Task directions: Everything in the listing below except the pictures should be reproduced exactly.

Source material:

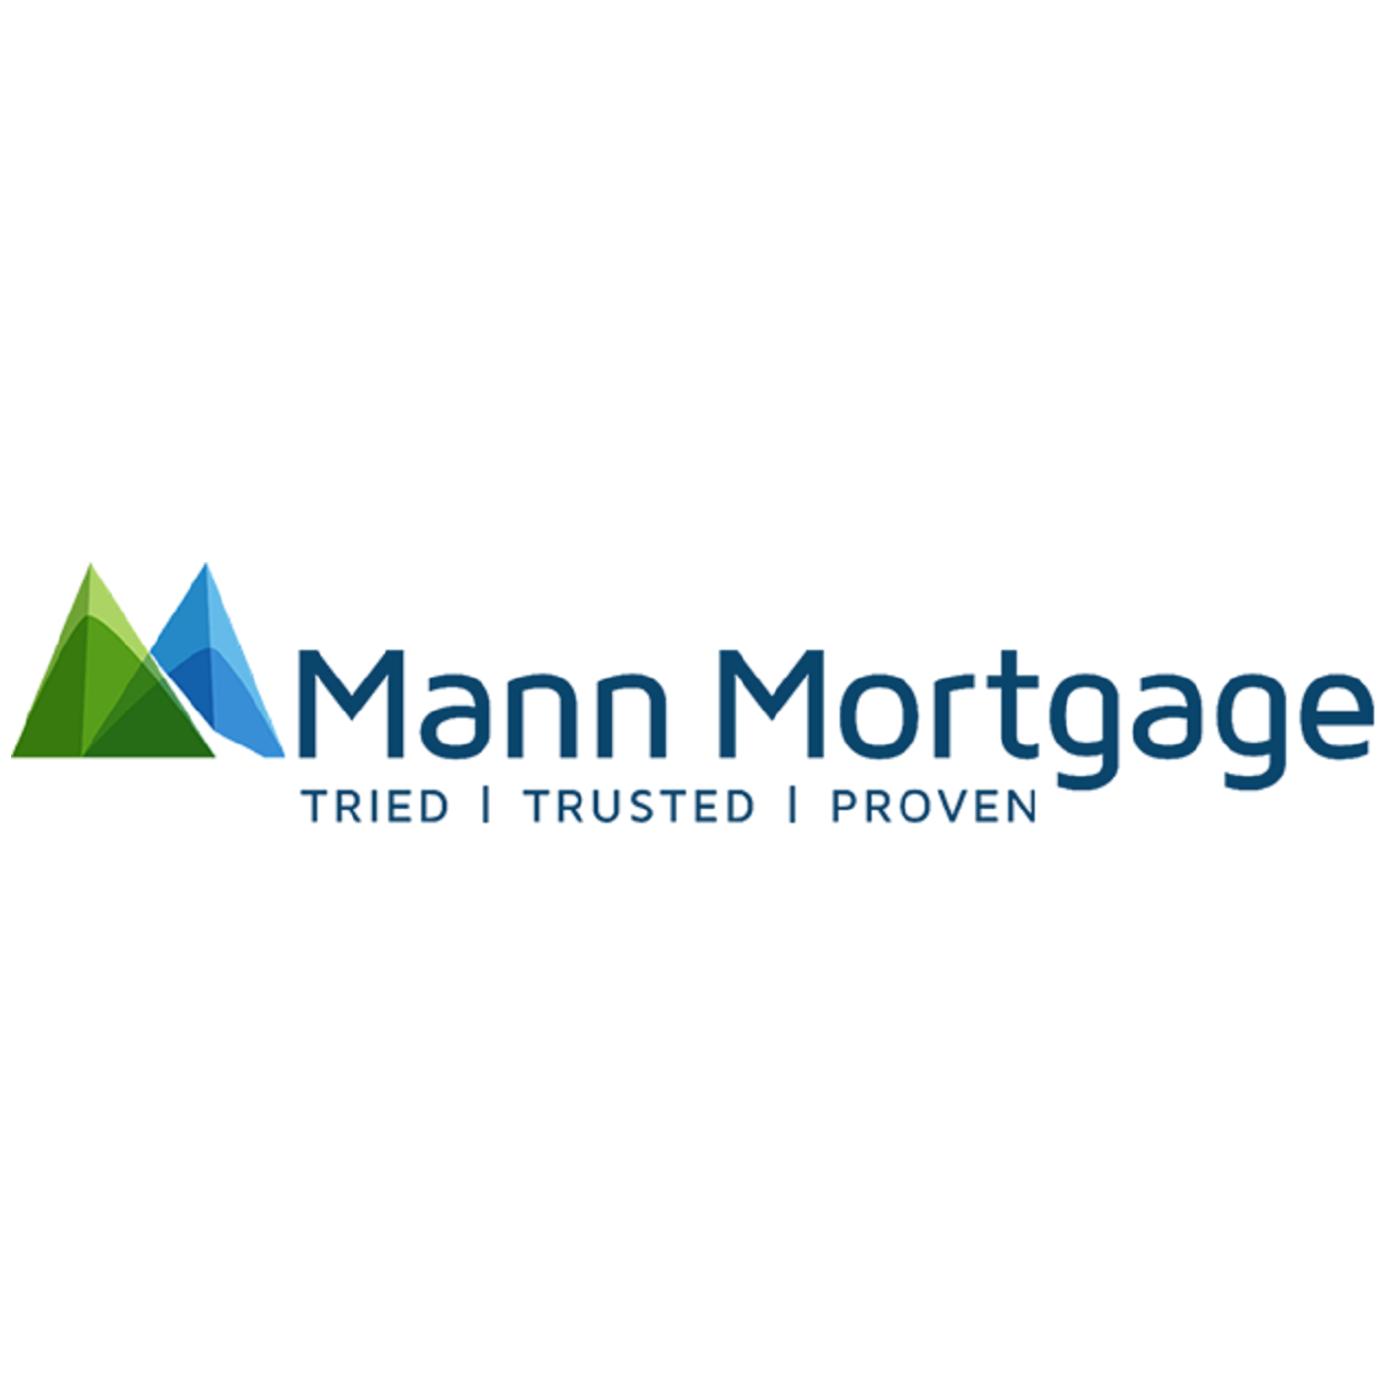 Mann Mortgage image 1
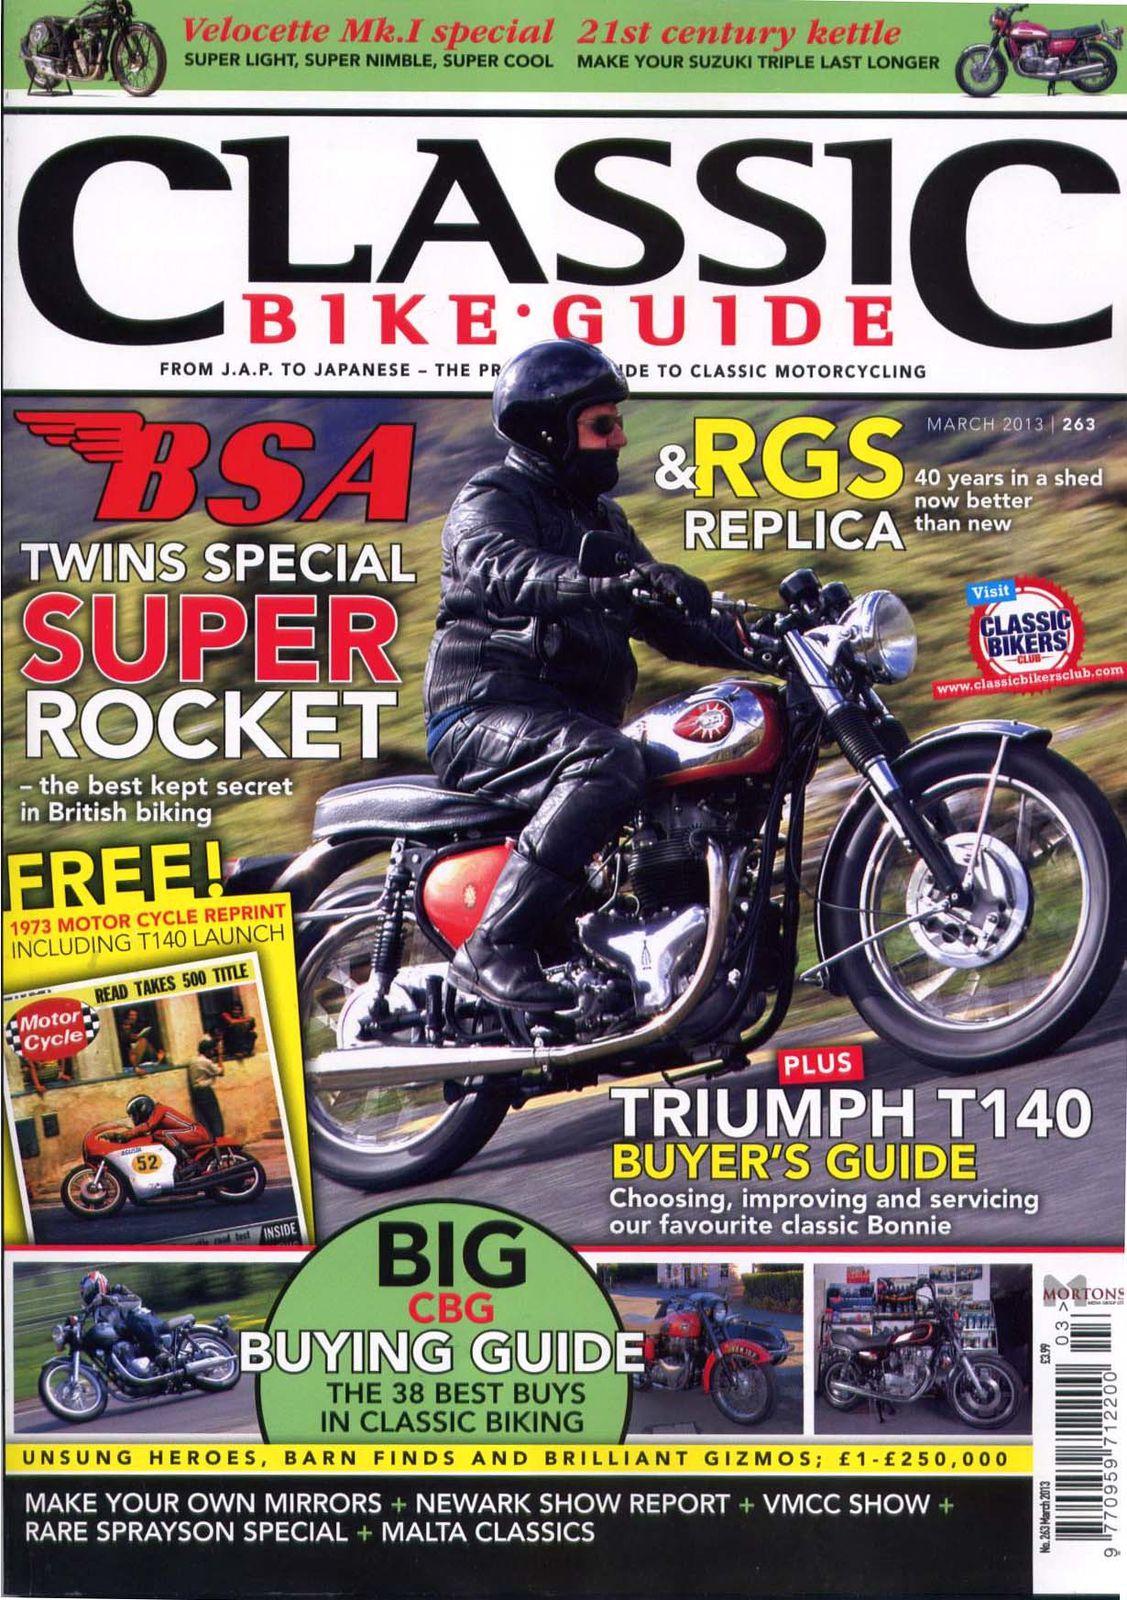 Classique Bike Guide
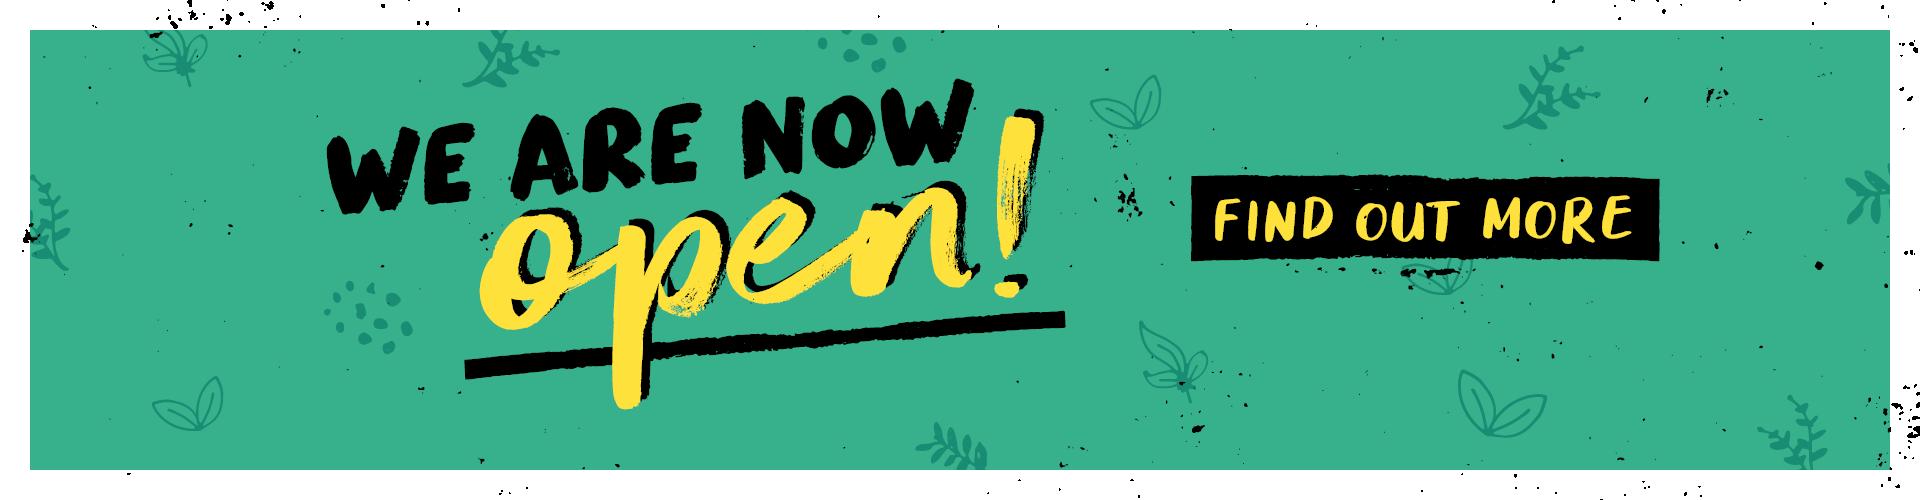 Scottish sites now open
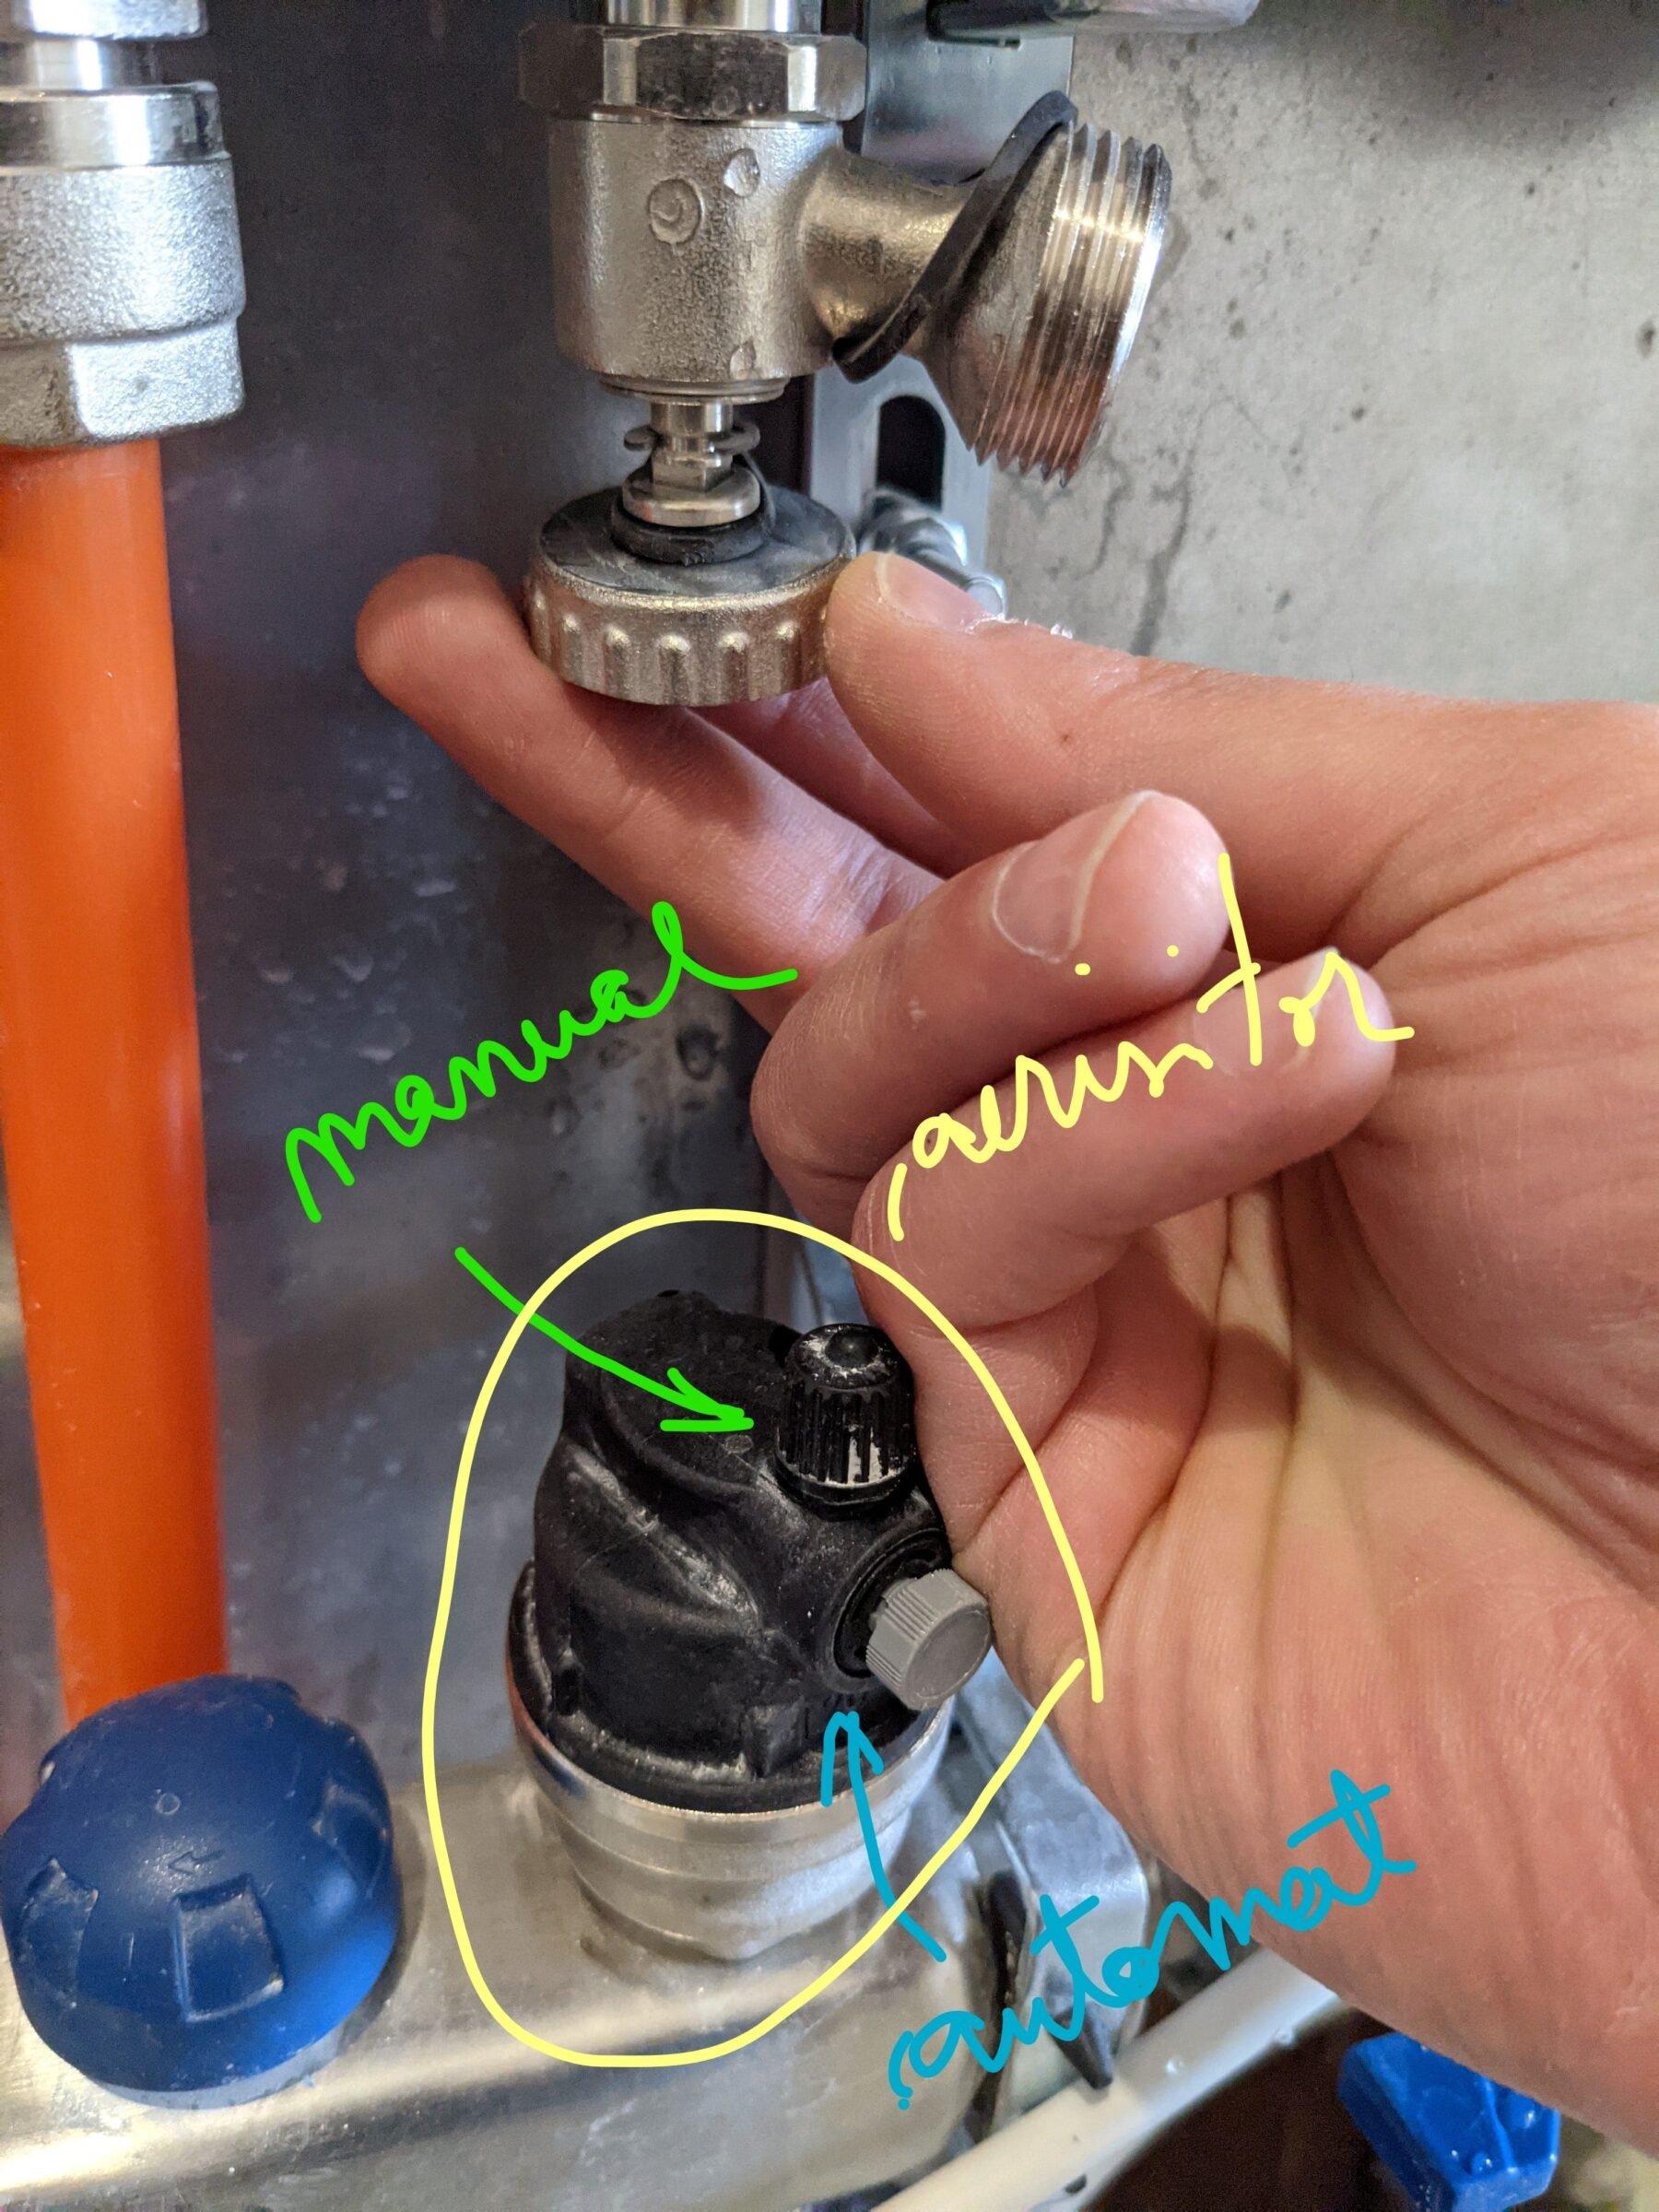 Aerisire incalzire in pardoseala - aerisitor manual automat

Answer to this exercise:
 Mann Mortgage image 1
 Classique Bike Guide
 Scottish sites now open
 Aerisire incalzire in pardoseala - aerisitor manual automat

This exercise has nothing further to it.